It doesn’t (currently) meet all of the goals described here, and in particular I think exploring Graal as a native-image compiler has a lot of promise for speed - something I’ve been working on in a few other tools. The zipper approach would also lend itself to other static-analysis checks like linting and idioms.

We have adopted a fork of the fork at Amperity as our standard formatter, to reasonable success, so this is definitely an open area that the Clojure toolset could benefit from.

2 Likes

Related to reordering of namespaces, it seems that cljfmt has already 2 prs that promise to do that to some extent:

That is about exactly the same API as is present in the client. It’s a bit off-topic in this thread, but I’d be interested in listening to the case for LSP for formatting in some other thread somewhere. :smile:

Great initiative! I strongly support having a standardized way to format Clojure code. For something like this to be successful, I think it should have 0 configuration options, and as much as possible, should optimize for smaller diffs.
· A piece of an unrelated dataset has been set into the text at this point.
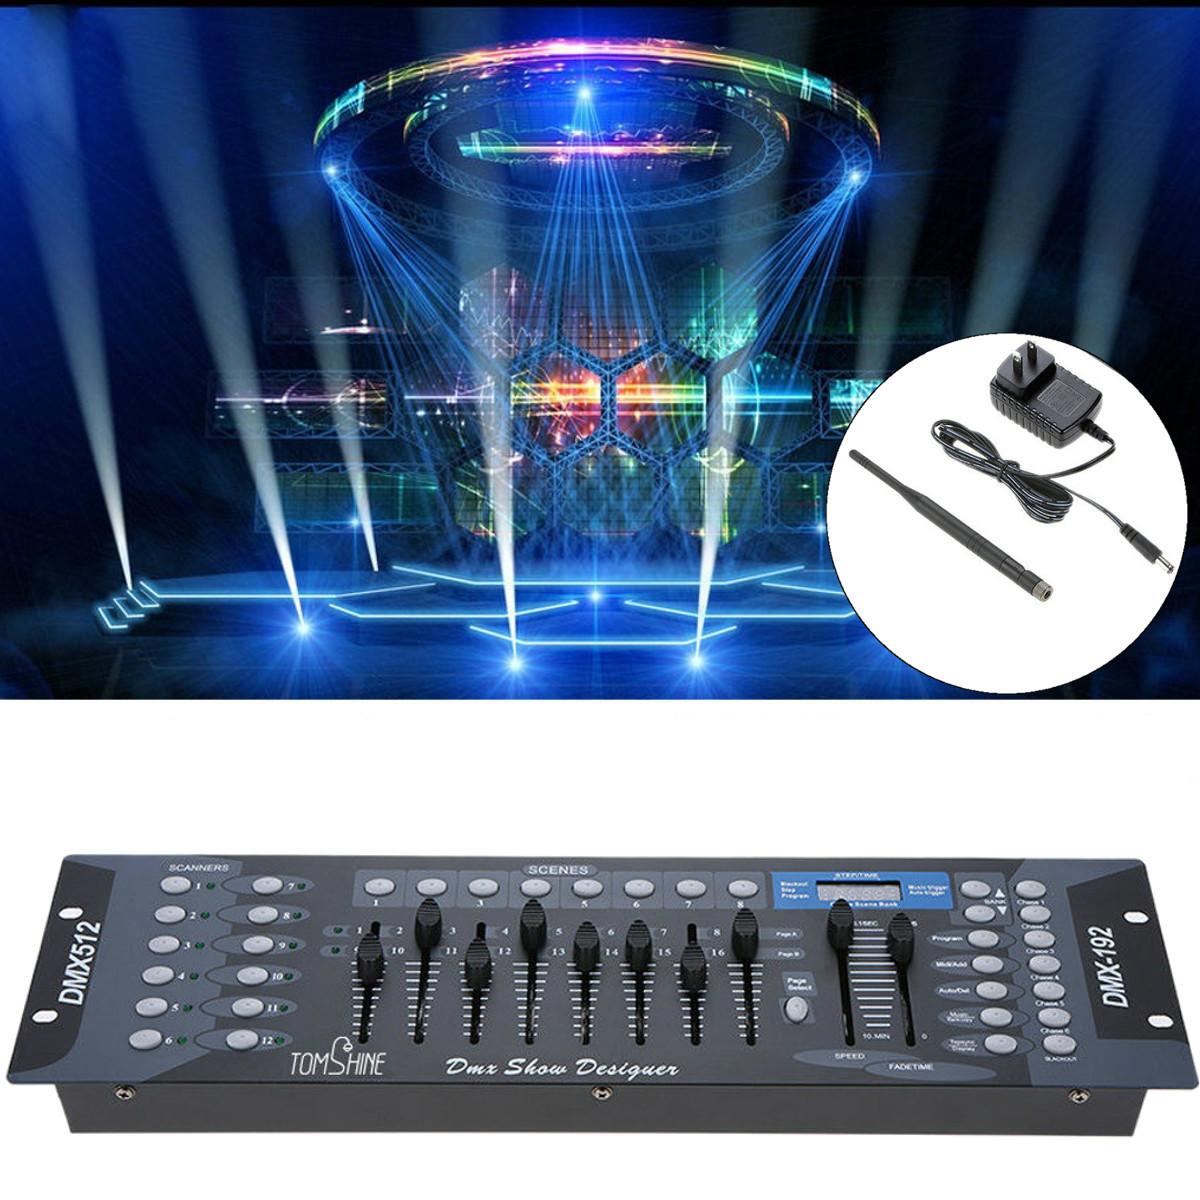 192 канала DMX512 Контроллер освещения Показать дизайнерскую консоль для освещения этапа US Plug - 1TopShop

For those who don’t know me, I develop Cursive.

I really like this idea, and I’ve argued online that I wish something like this had existed from the start for Clojure. If I ever develop my own language, it will definitely have a gofmt style thing from the start. But I suspect that that ship has sailed now for Clojure, if only because I suspect the core team would never use it for Clojure itself and because people have had time to develop bad habits :slight_smile:

I think this is a fairly common reaction, and probably more so in the lisp world which for better or worse encourages individual approaches to pretty much everything (as opposed to Java or Go, which have features and culture encouraging team development and inter-developer consistency). Here’s my favourite quote about this from Kent Beck:

We didn’t miss formatting. We are both fussy about code formatting, but almost as soon as we were constrained to what the pretty-printer (esprima) gave us, we didn’t waste any more thought on it.

Formatting is something that devs tend to think is very important, until they can’t control it and then in general as long as the output is decent they don’t care. I think the popularity of gofmt, pretty and the like is a testament to this - consistency really is more important than any individual style choice.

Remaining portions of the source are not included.